Developed by a consortium of several European research labs headquartered at the Max Planck Institute for Biological Cybernetics, it's “an omni-directional treadmill, which together with markerless tracking, optimized control and several perceptual tricks enables humans to walk through Virtual Worlds in a natural and unconstrained fashion.” It's the largest such platform in the world, we are told.

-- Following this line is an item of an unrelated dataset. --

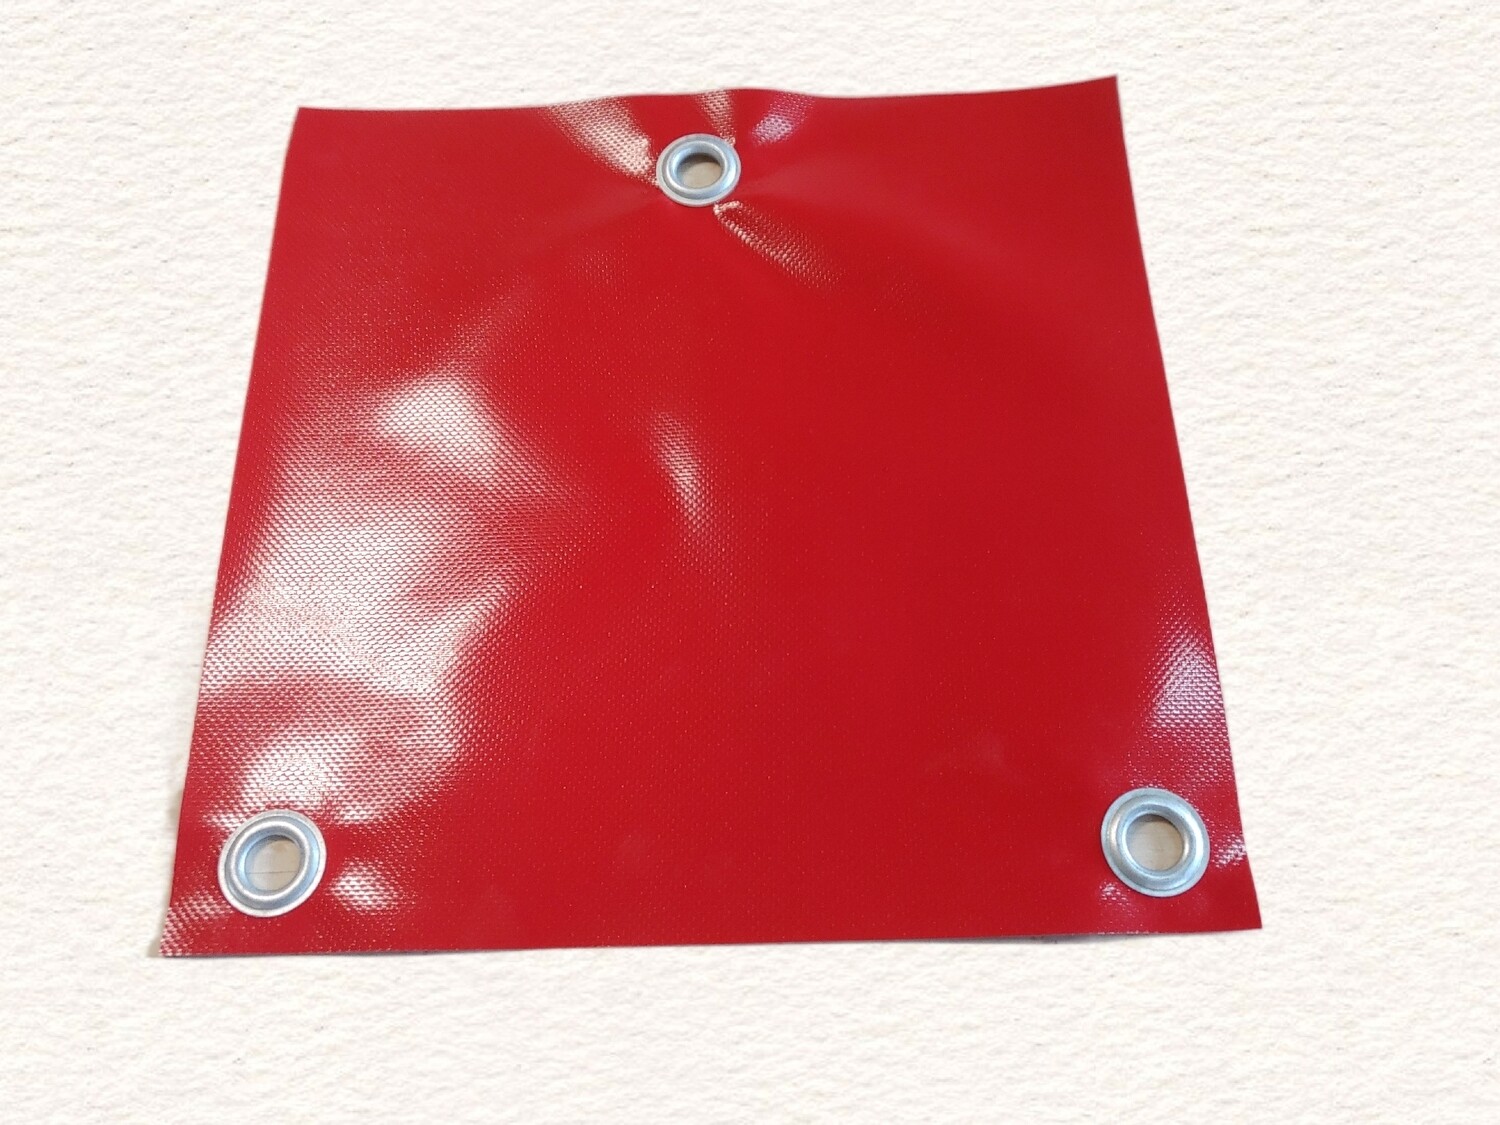 PVC Universal – Warnflagge/Warnfahne 30cm x 30cm rot mit 3 rostfreien  Rundösen Ø16mm zur einfachen & sicheren Befestigung an überstehenden Lasten  –
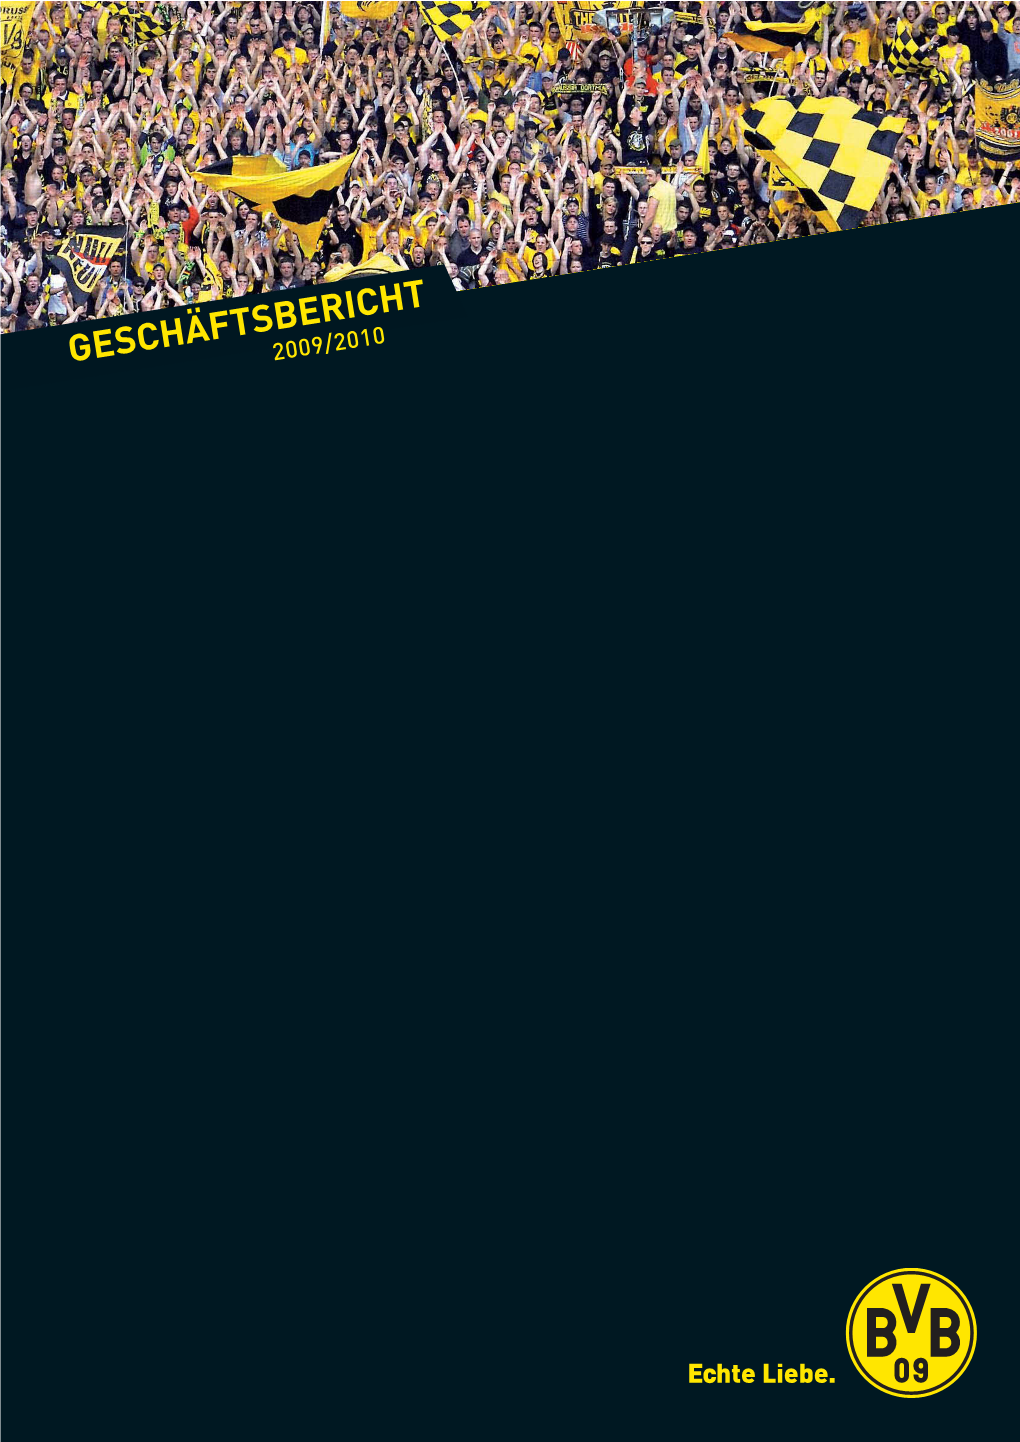 BVB Geschäftsbericht 2010

You can see it, or rather the virtual explorer, in action here.

CyberWalk


For a much larger treadmill, cover the ribbon belts with turf, plant a few trees and some shrubs, screw in some decorative boulders and glue in a water feature. Introduce some fauna as well. Then turn on the machine, go for a stroll, and watch as this deterrestrialized earth rotationally reconfigures itself into myriad combinatorial landscapes.

Josh Keyes



Pedestrian Laboratory
4 COMMENTS —
  • burnsbabe
  • May 1, 2010 at 4:25:00 PM CDT
  • I'm surprised that you guys seem to think this sort of work is new. It's true that it may not be the most exciting part of studying urban environments and I don't deny that some of what is covered here is novel. But William Whyte did tons of studies on how people behave in urban open spaces all the way back in the 1970s. http://www.amazon.com/Social-Life-Small-Urban-Spaces/dp/097063241X


  • Alexander Trevi
  • May 1, 2010 at 4:55:00 PM CDT
  • William Whyte is not unknown to us, and hasn't been for quite, quite sometime.


  • Anonymous
  • May 20, 2010 at 10:07:00 AM CDT
  • "...and watch as this deterrestrialized earth rotationally reconfigures itself into myriad combinatorial landscapes."

    Really? This reads like a parody of earnest, insular academia.

    Also, what happens to that poor deer after the conveyor belt sends it plummeting?


  • Alexander Trevi
  • May 20, 2010 at 10:44:00 AM CDT
  • Each belt emits its own gravitational field.